Interview with Pooja Mahajan | Nutritionist | Wellness Coach | Influencer

Pooja Mahajan

At BrilliantRead Media, we always strive to bring meaningful and powerful stories from India and around the world to empower and motivate our growing community. As part of this endeavour, we invited Pooja Mahajan for an exclusive interview with us. Pooja is a Nutritionist, Wellness Coach and an Influencer. Let’s learn more about her background, journey and her advice for our community!

Excerpts from our exclusive interview with Pooja:  

Your journey includes healing from spondyloarthropathy, how did that experience shape your philosophy as a wellness coach? 

My philosophy didn’t come from a textbook. It came from being bedridden, unable to move even an inch, with pain so severe that breathing itself hurt.

Symptoms started in 2021. For almost three years, I went from doctor to doctor, some said slipped disc, some tagged it as spine inflammation and prescribed painkillers, steroids, a brace or a belt (depending on where the pain was in my spine). No one looked deeper. No one asked why a relatively young woman was in this much pain. I wore the brace, took the medications, and kept getting worse.
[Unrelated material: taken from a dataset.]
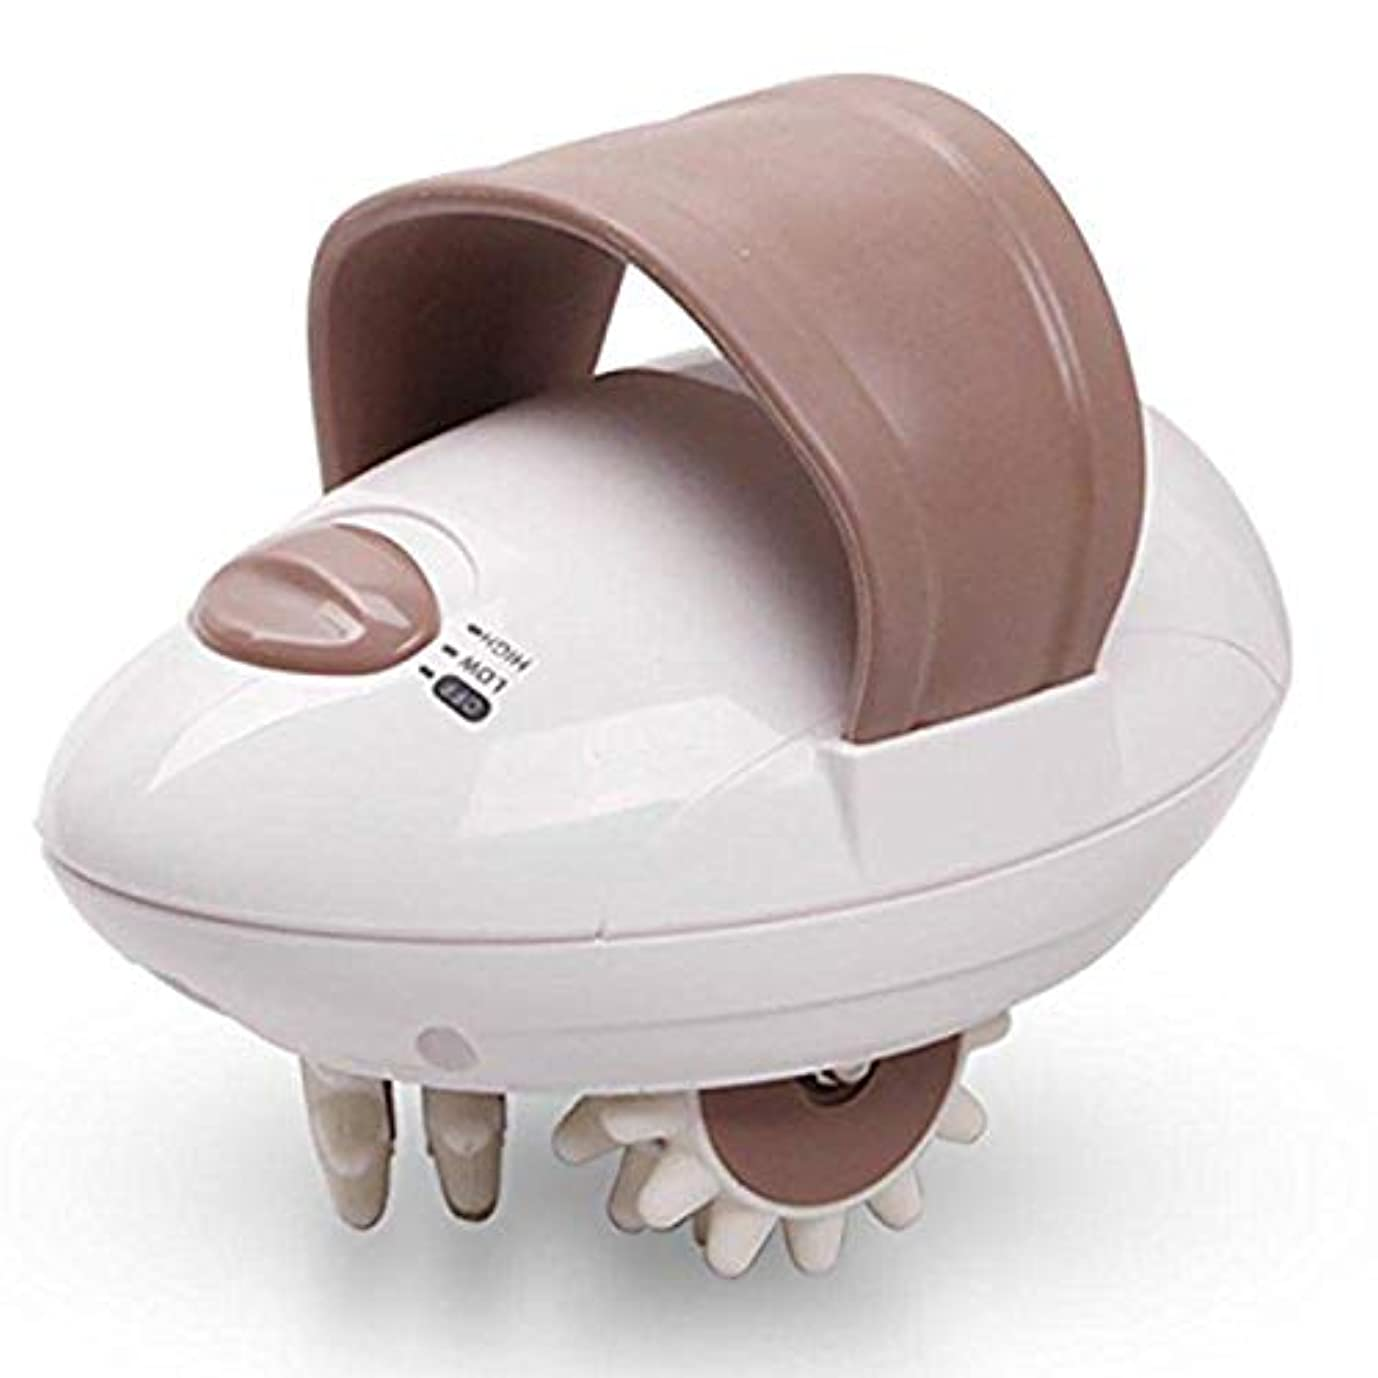 クール療法鉄3D Electric Full Body Slimming Massager Roller Cellulite Massaging Smarter Device Weight Loss Fat Burning Relieve...
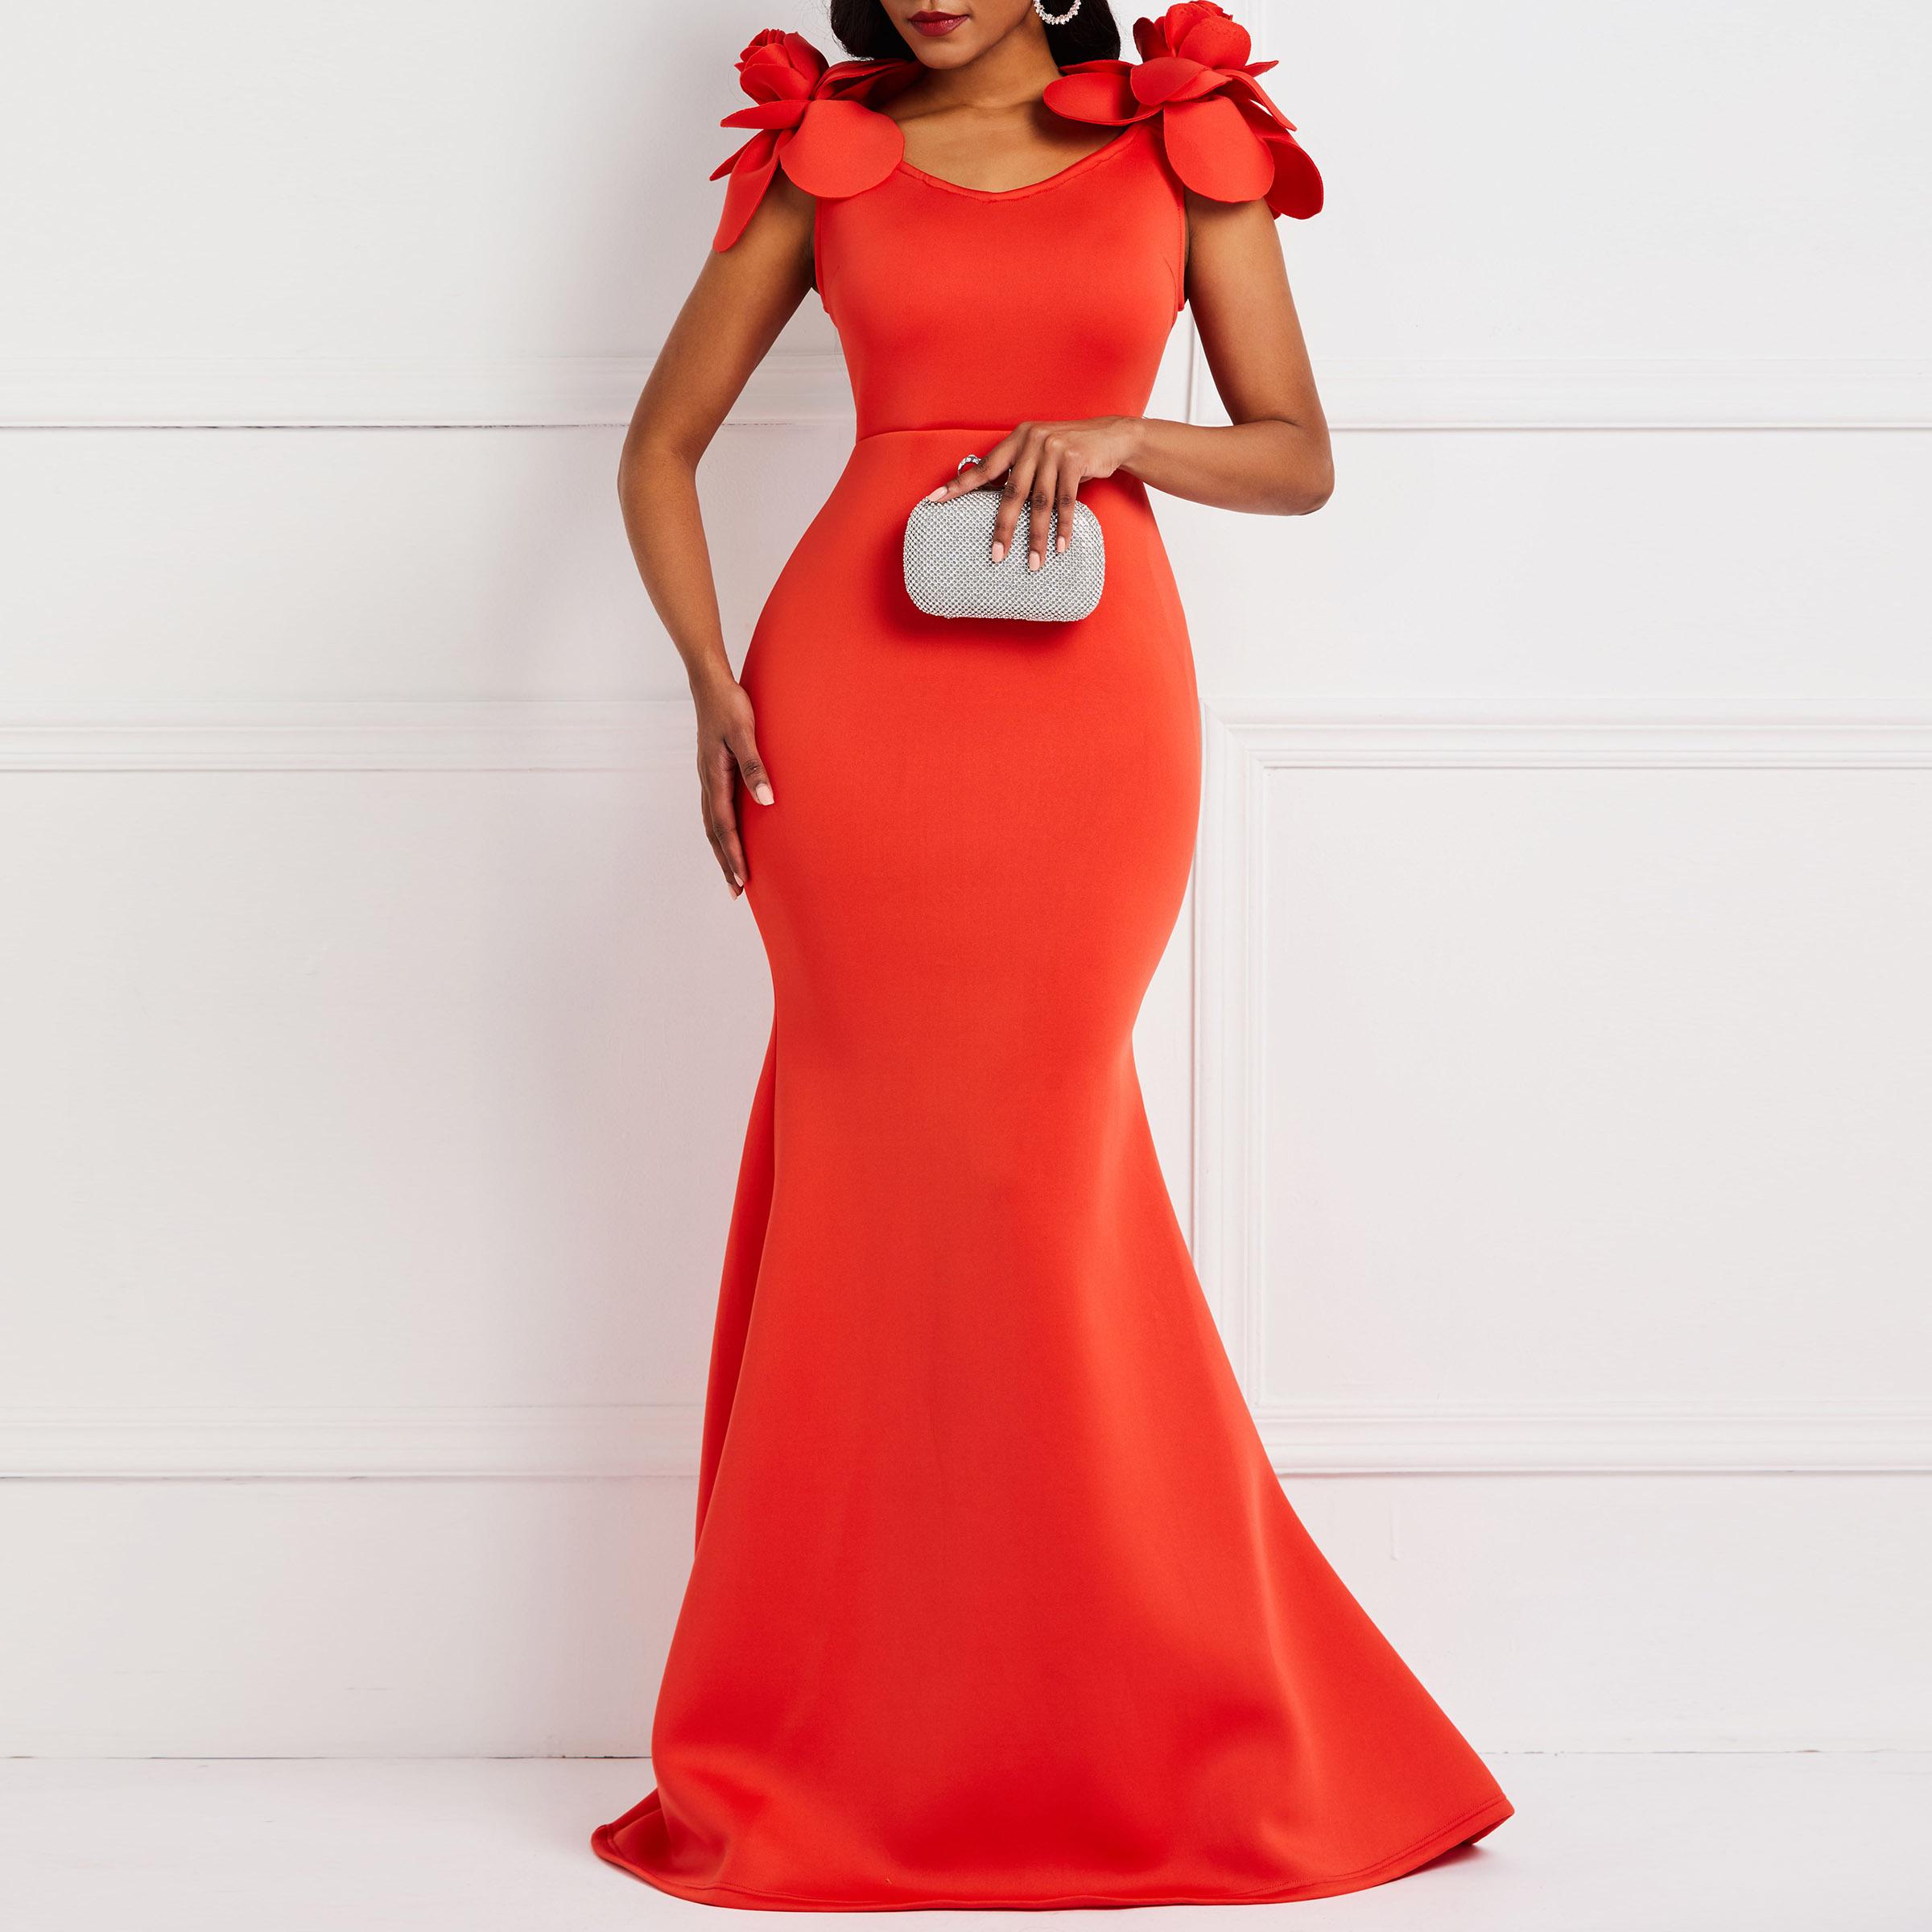 Kadın Giyim'ten Elbiseler'de Clocolor kadınlar seksi elbise bayanlar Retro Mermaid Maxi elbise çiçek yaz zarif şık artı boyutu Bodycon kırmızı uzun parti elbiseler title=

It was actually my physiotherapist who finally asked the right question. He suggested I check my HLA-B27 marker. It came back positive in early 2024 for ankylosing spondylitis, a form of spondyloarthropathy. I finally had a name for what had been dismantling my body for three years.

When I saw a rheumatologist, he put me on biologics and explicitly told me that physiotherapy would be a waste of money. That nothing else would help. Only the medication.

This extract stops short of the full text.